Les Kerterres et l’avenir de l’habitat écologique
Face aux crises environnementales actuelles, la question de l’habitat devient centrale.
Le modèle dominant repose encore sur :
- le béton
- l’énergie fossile
- l’artificialisation des sols
Cependant, de plus en plus de personnes cherchent des alternatives.
Les Kerterres ne remplaceront pas toutes les maisons. Toutefois, elles ouvrent une voie.
Elles démontrent qu’il est possible de :
- construire avec très peu de ressources
- limiter l’impact sur le sol
- vivre dans un espace simple et confortable
Ces principes inspirent aujourd’hui de nombreux projets d’habitat léger ou réversible.
Un hommage à une bâtisseuse de monde
Evelyne Adam n’a jamais cherché la célébrité.
Elle a préféré transmettre, expérimenter et construire.
Son travail rappelle que l’écologie ne se limite pas aux discours. Elle prend forme dans les gestes quotidiens.
Construire une maison avec ses mains. Planter un arbre. Préserver un sol vivant.
Ces actions paraissent modestes. Pourtant, elles changent profondément notre relation au monde.
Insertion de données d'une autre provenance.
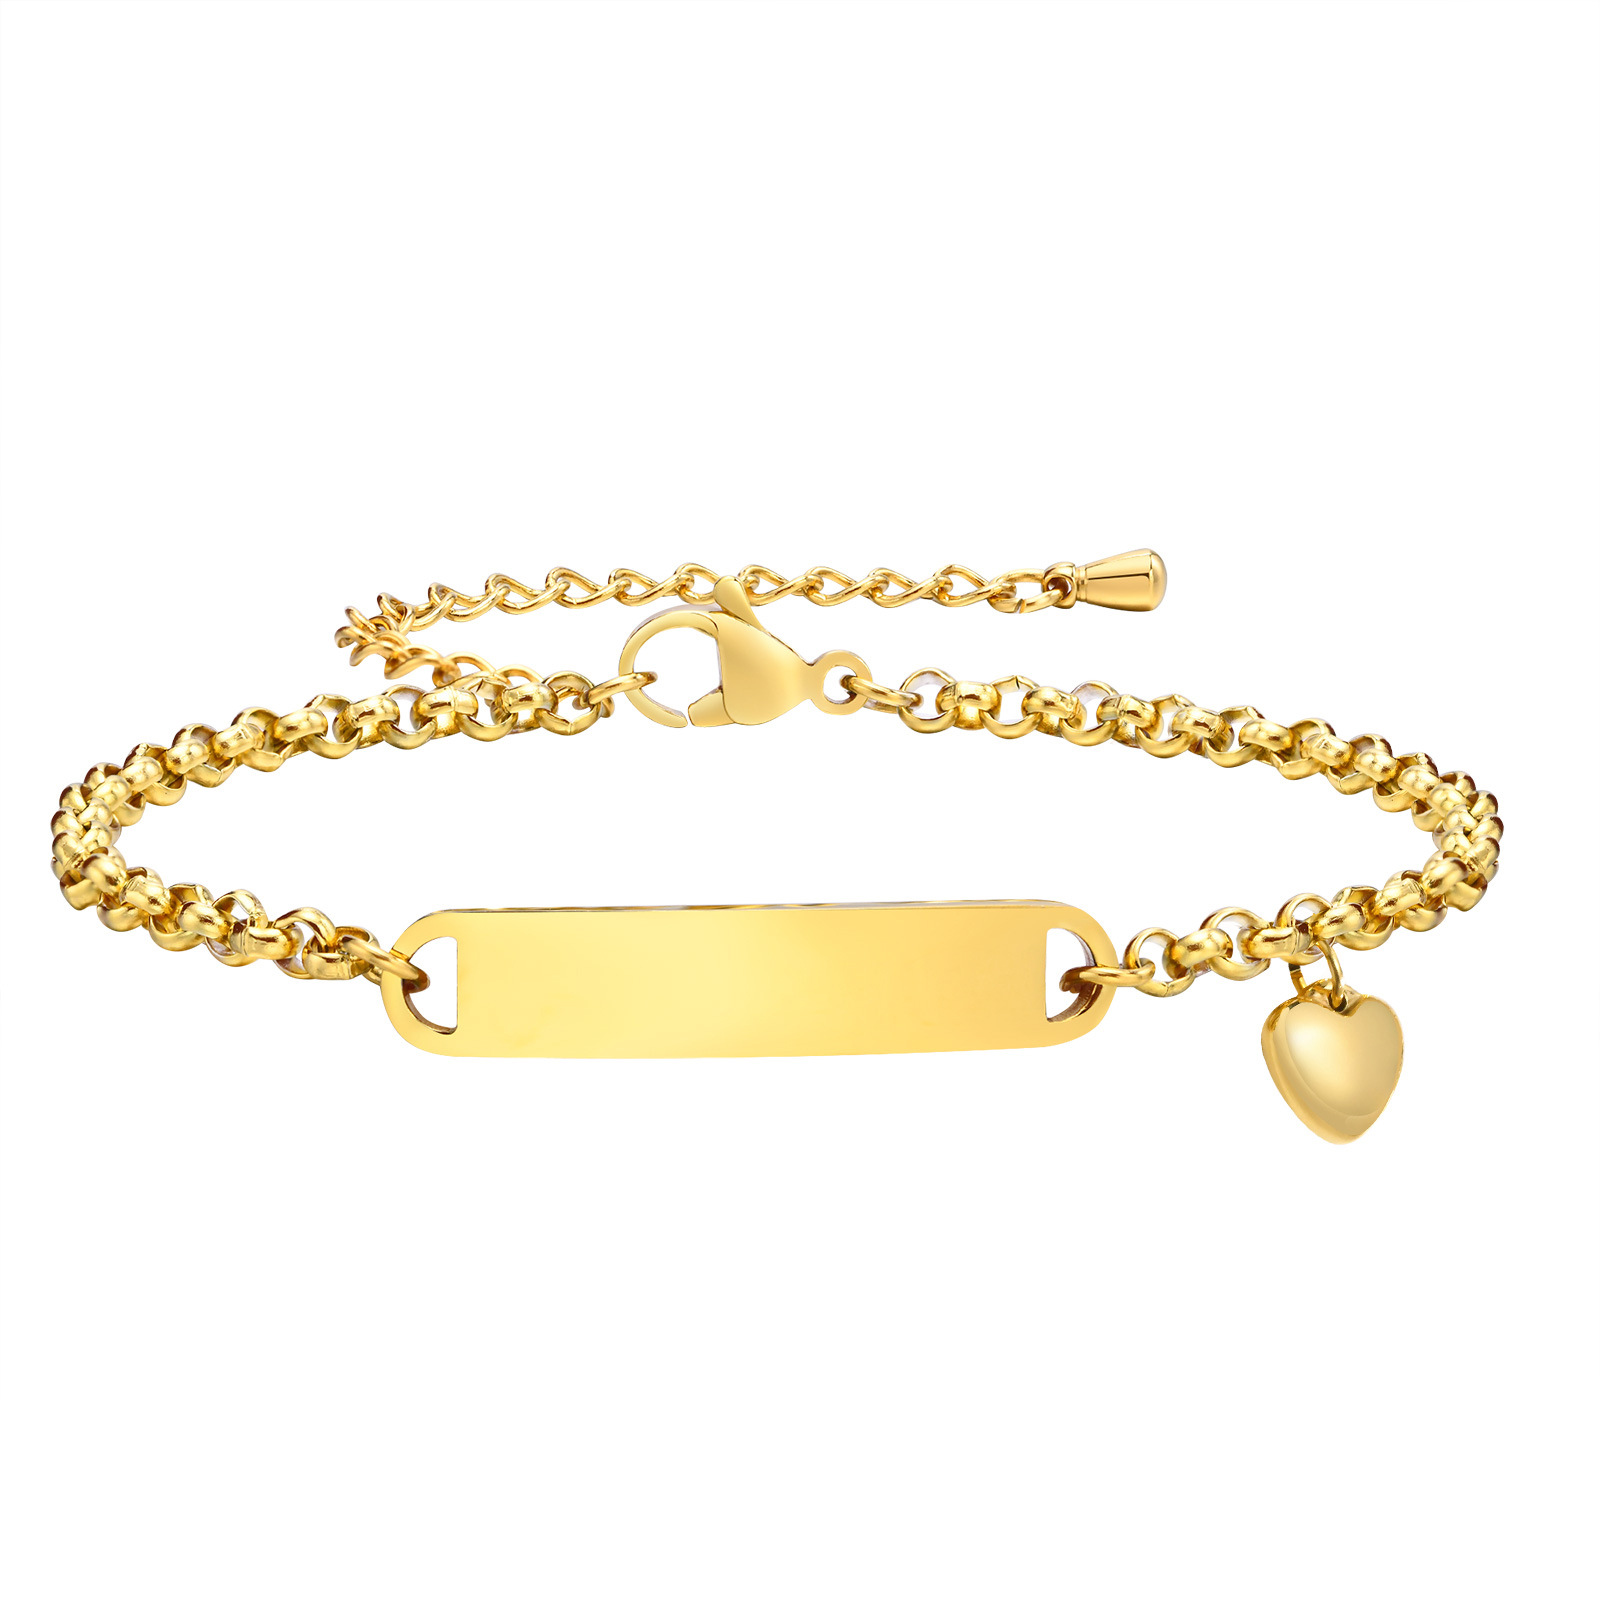 1:Gold chain width 3MM; Total chain length 16.5-5MM

C’est probablement cela que son œuvre nous enseigne.
Conclusion
La disparition d’Evelyne Adam laisse un grand vide dans le monde de l’écologie et de l’habitat alternatif.
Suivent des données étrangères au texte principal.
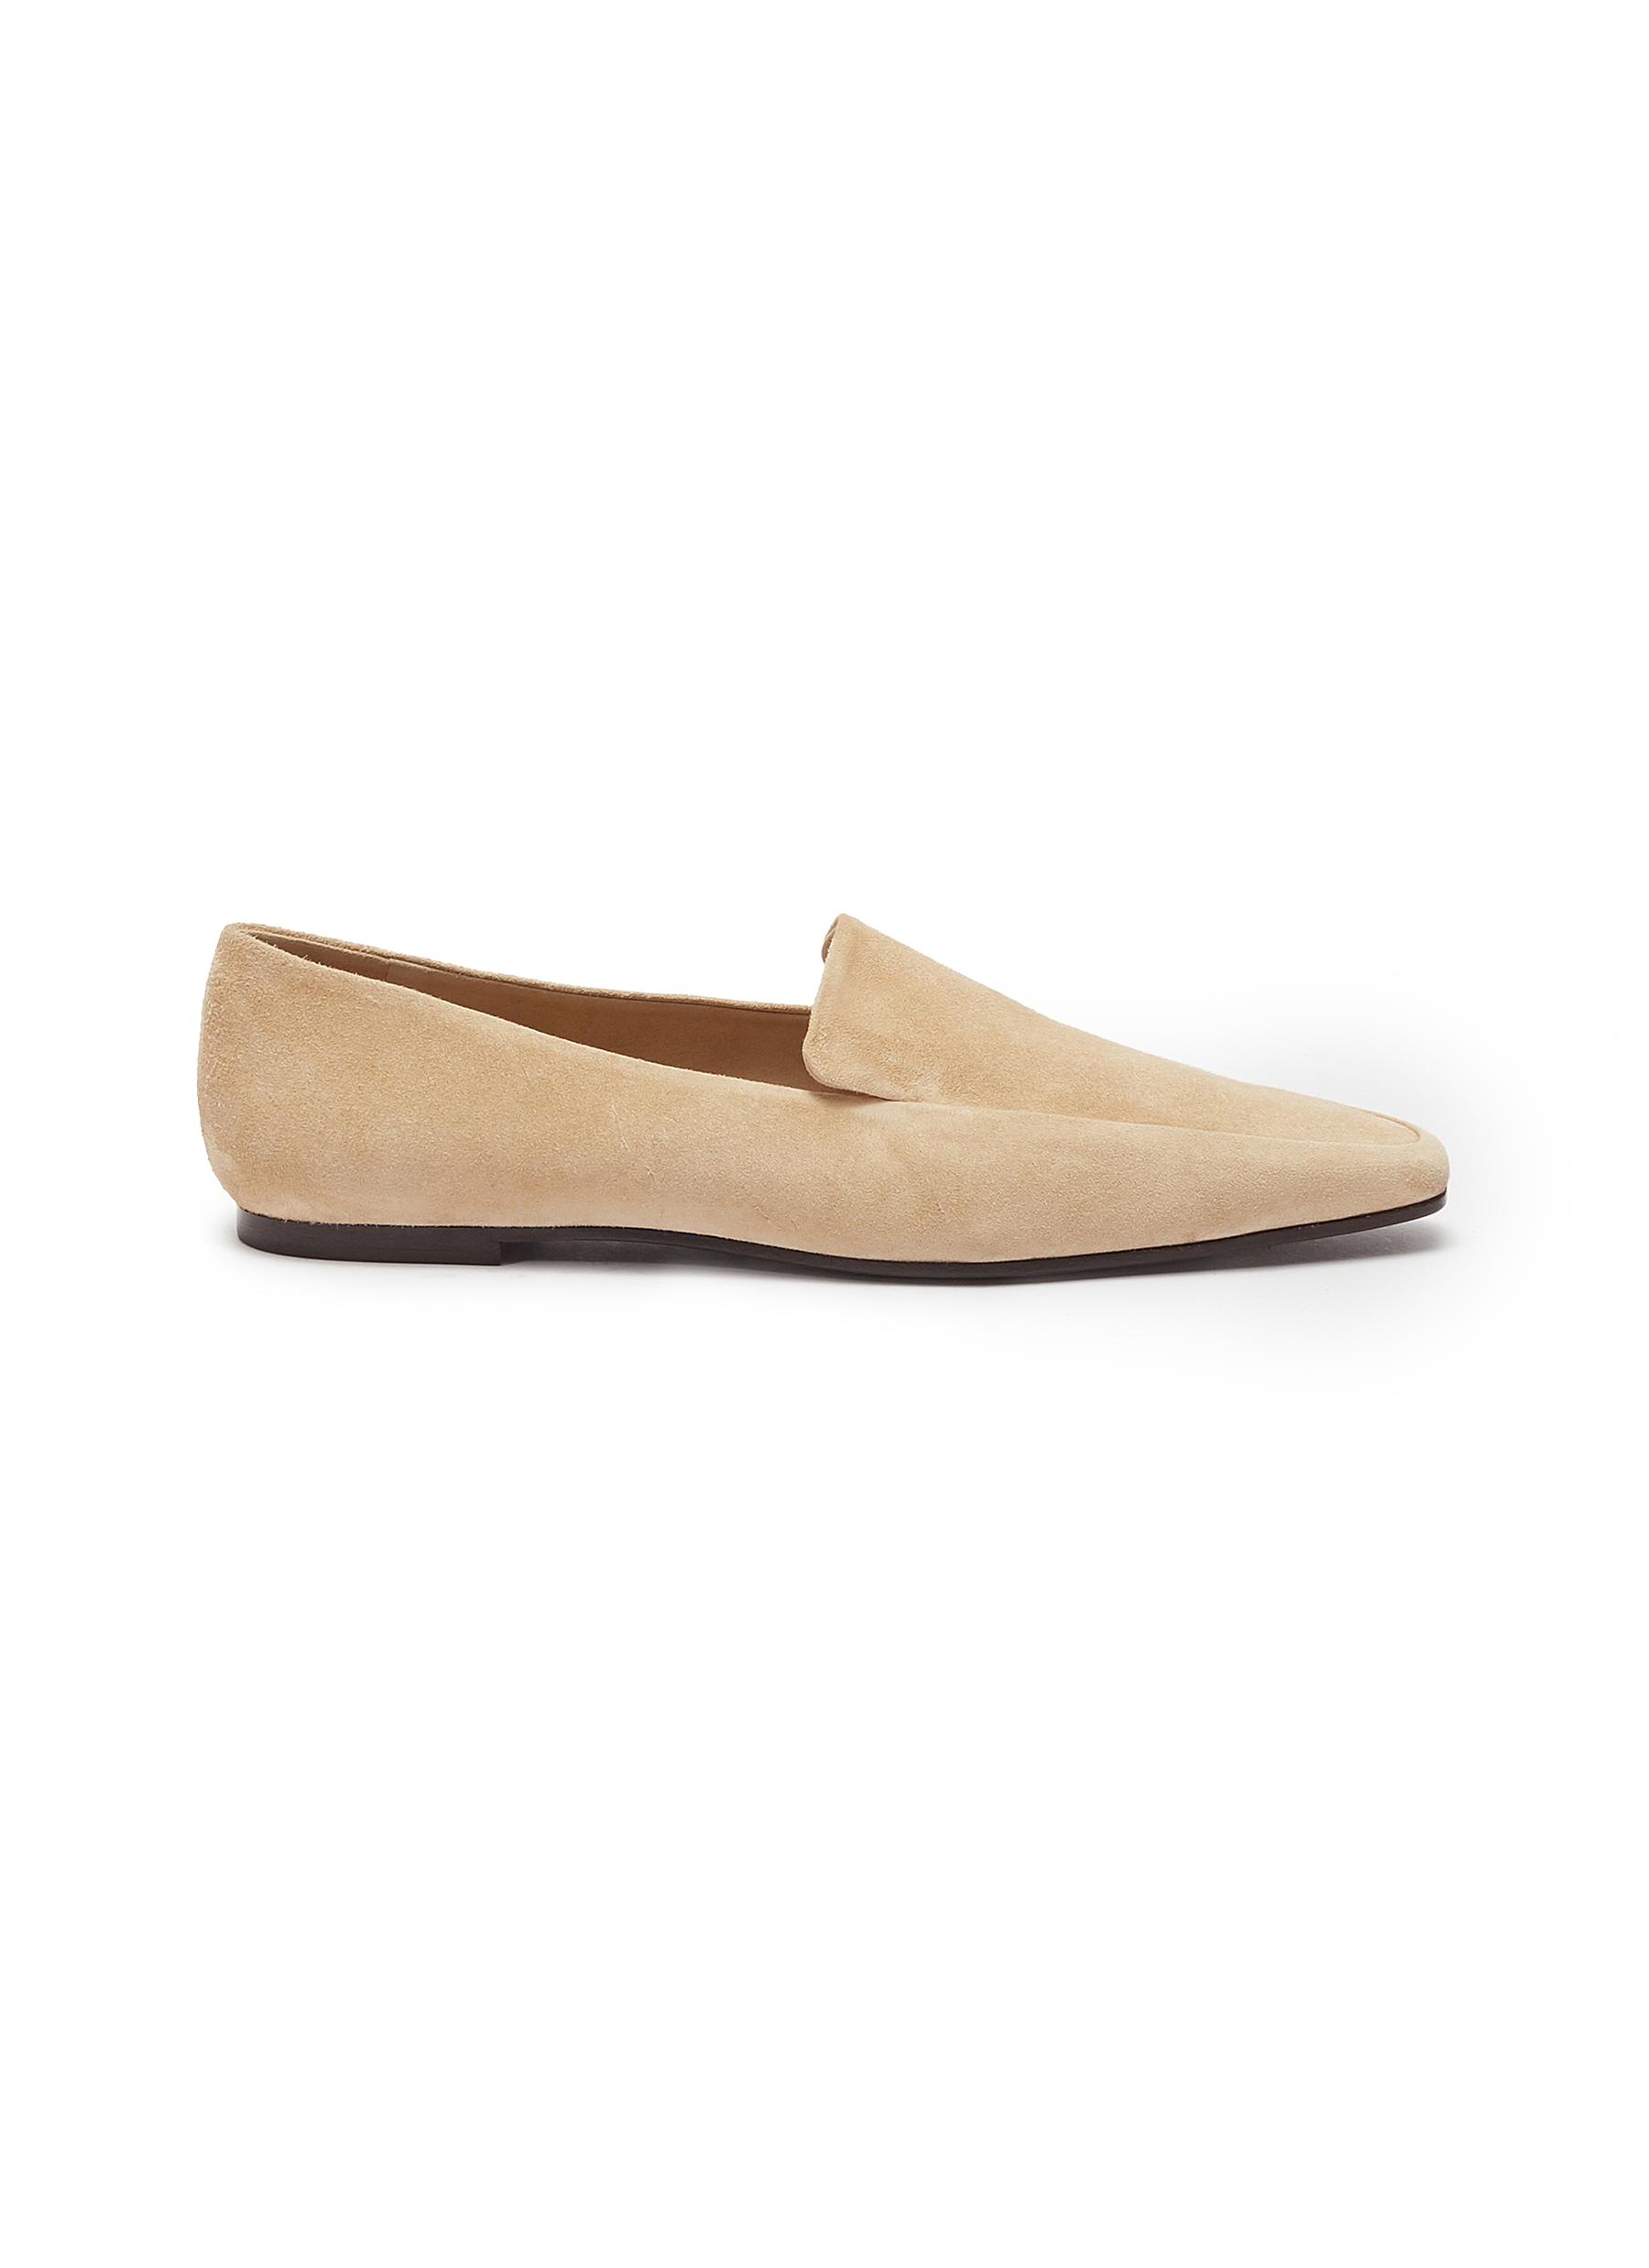 Minimal suede loafers by The Row

Toutefois, les Kerterres continuent d’exister. Elles témoignent d’une idée simple mais puissante : l’habitat peut devenir un allié du vivant.
En choisissant des matériaux naturels, en respectant le sol et en construisant à taille humaine, Evelyne Adam a montré qu’un autre modèle reste possible.
Son travail nous invite à repenser notre manière d’habiter la Terre.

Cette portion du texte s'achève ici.